(Exercise objective)
Instruction for the entries that follow: retype exactly the lines from the line with "impactprijs winnaars" to the line with "NKTECH NK210F Pince", both included, and omit all others.

(Supplied information)
+-------+

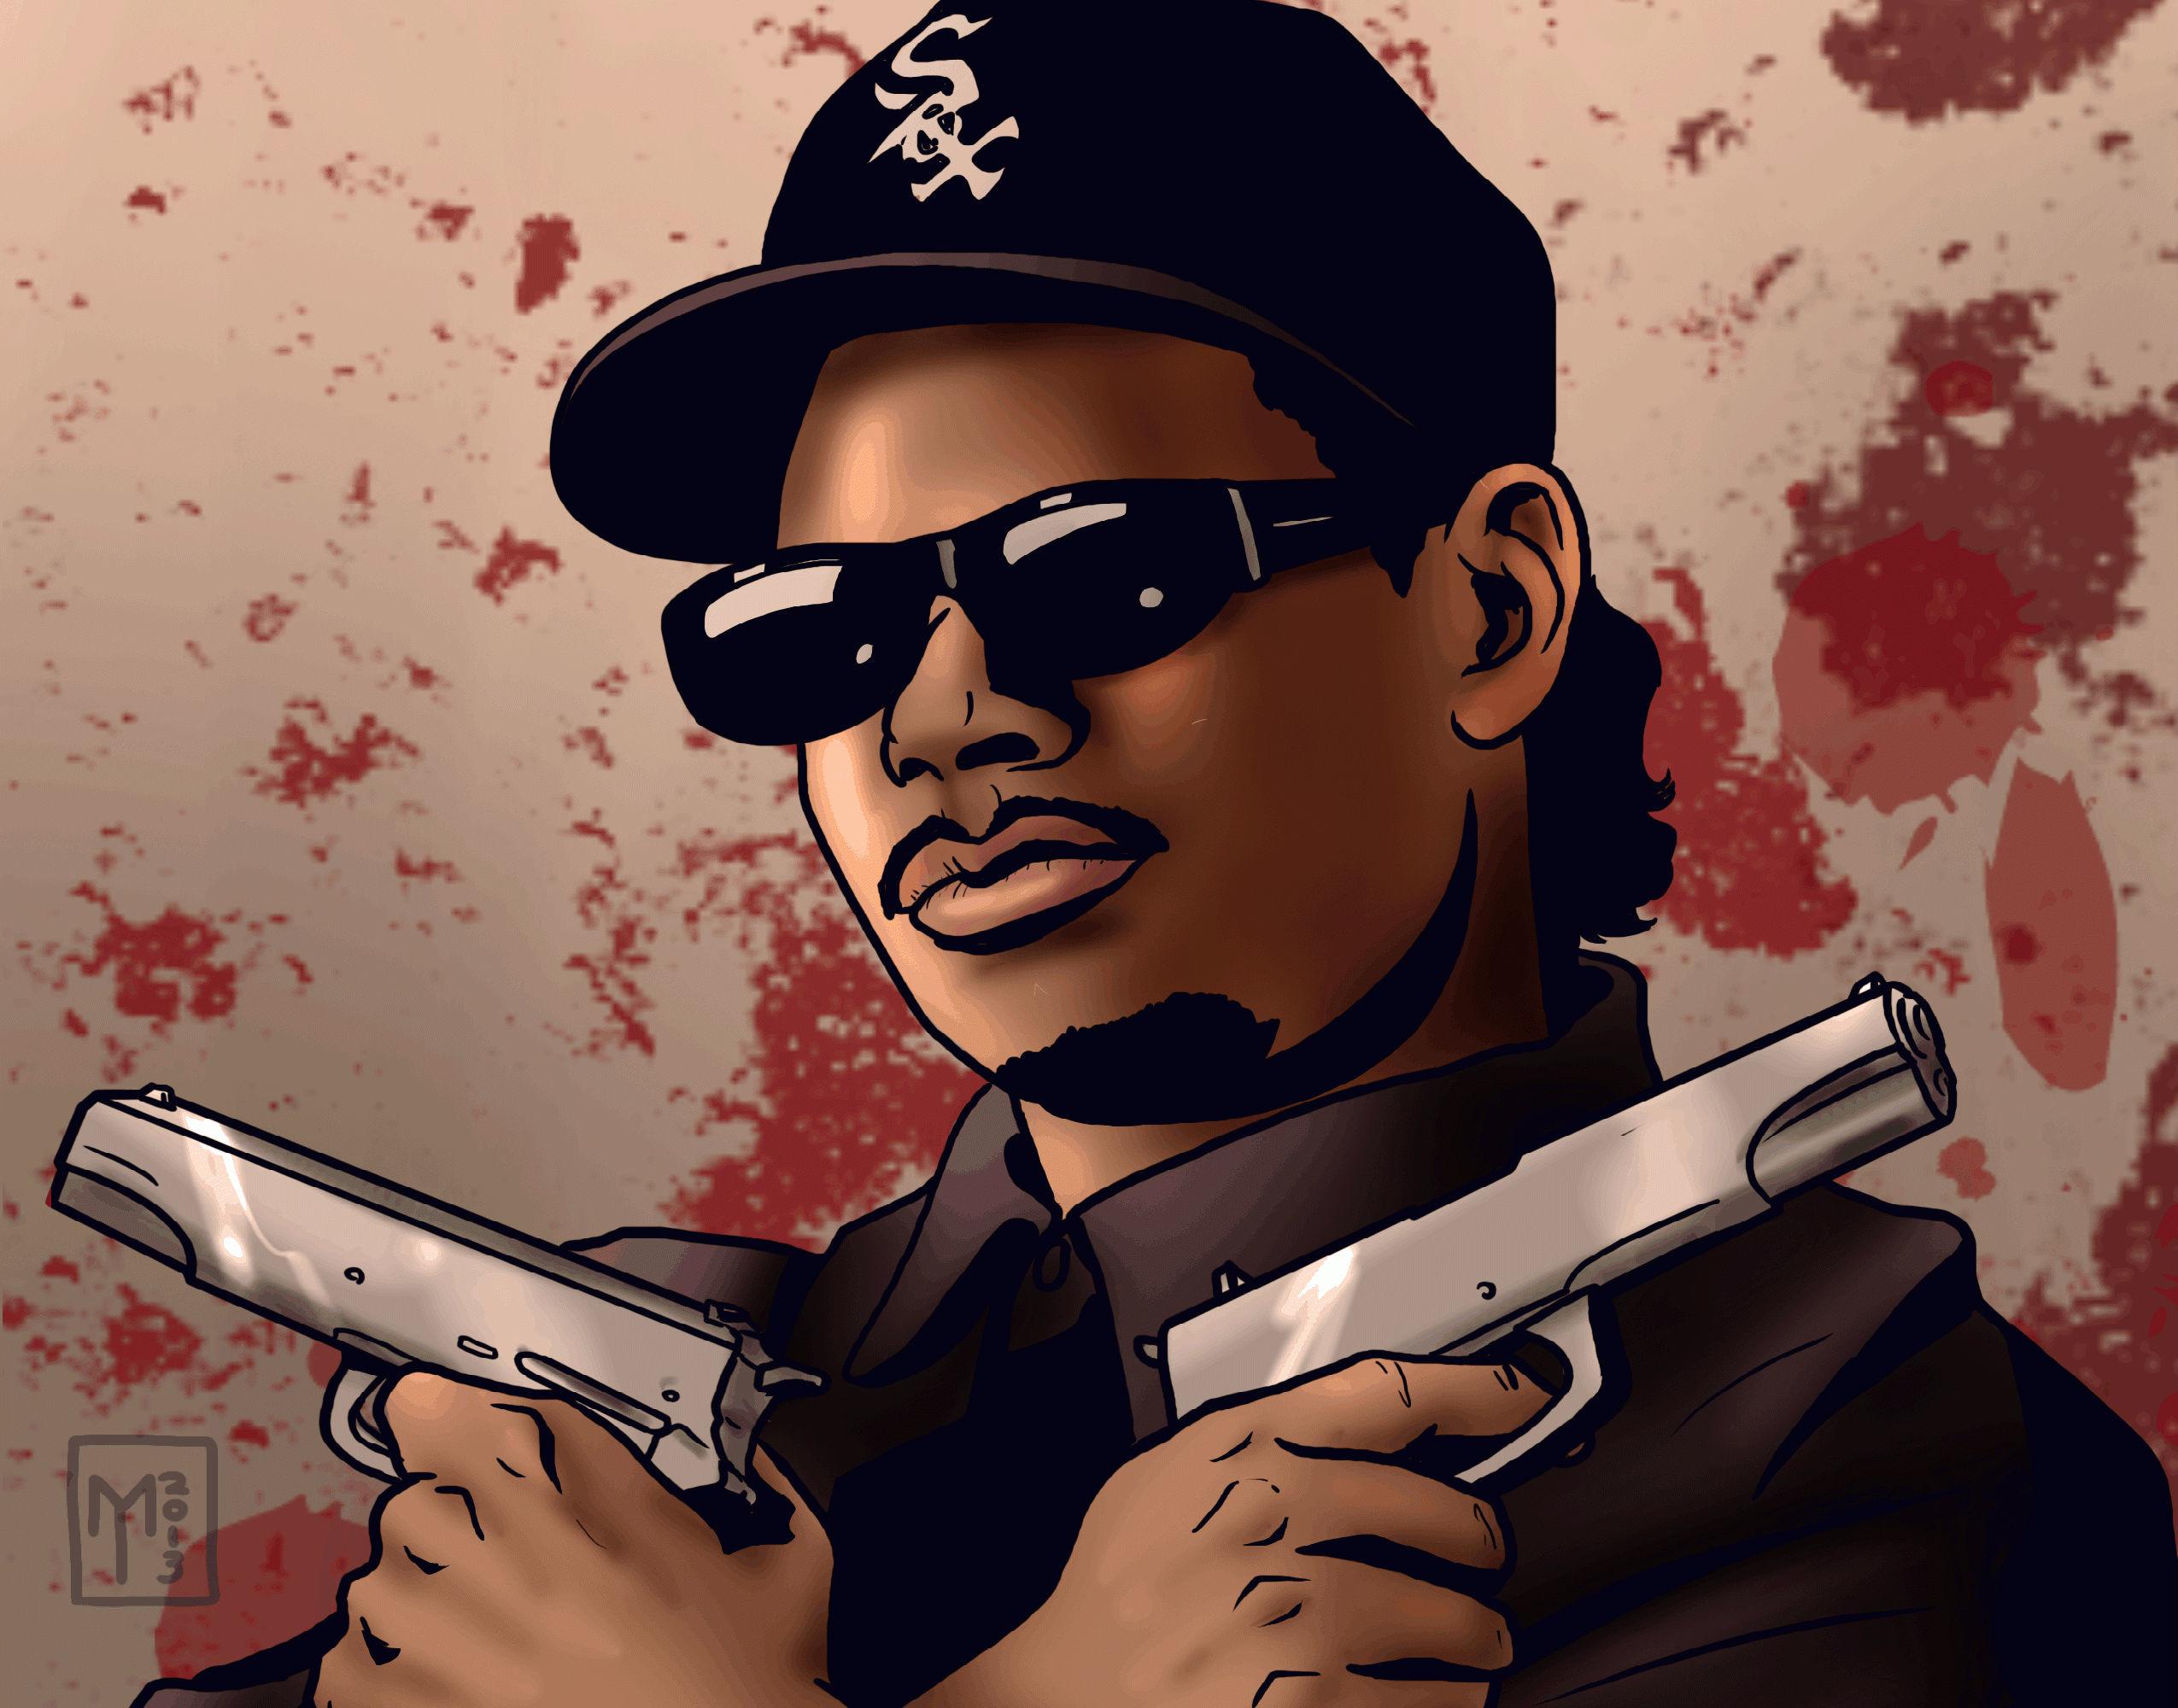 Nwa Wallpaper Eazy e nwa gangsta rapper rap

+-------+

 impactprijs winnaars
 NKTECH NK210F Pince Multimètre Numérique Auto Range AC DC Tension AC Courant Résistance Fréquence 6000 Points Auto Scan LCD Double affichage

+-------+

(Answer section)
 impactprijs winnaars
 NKTECH NK210F Pince Multimètre Numérique Auto Range AC DC Tension AC Courant Résistance Fréquence 6000 Points Auto Scan LCD Double affichage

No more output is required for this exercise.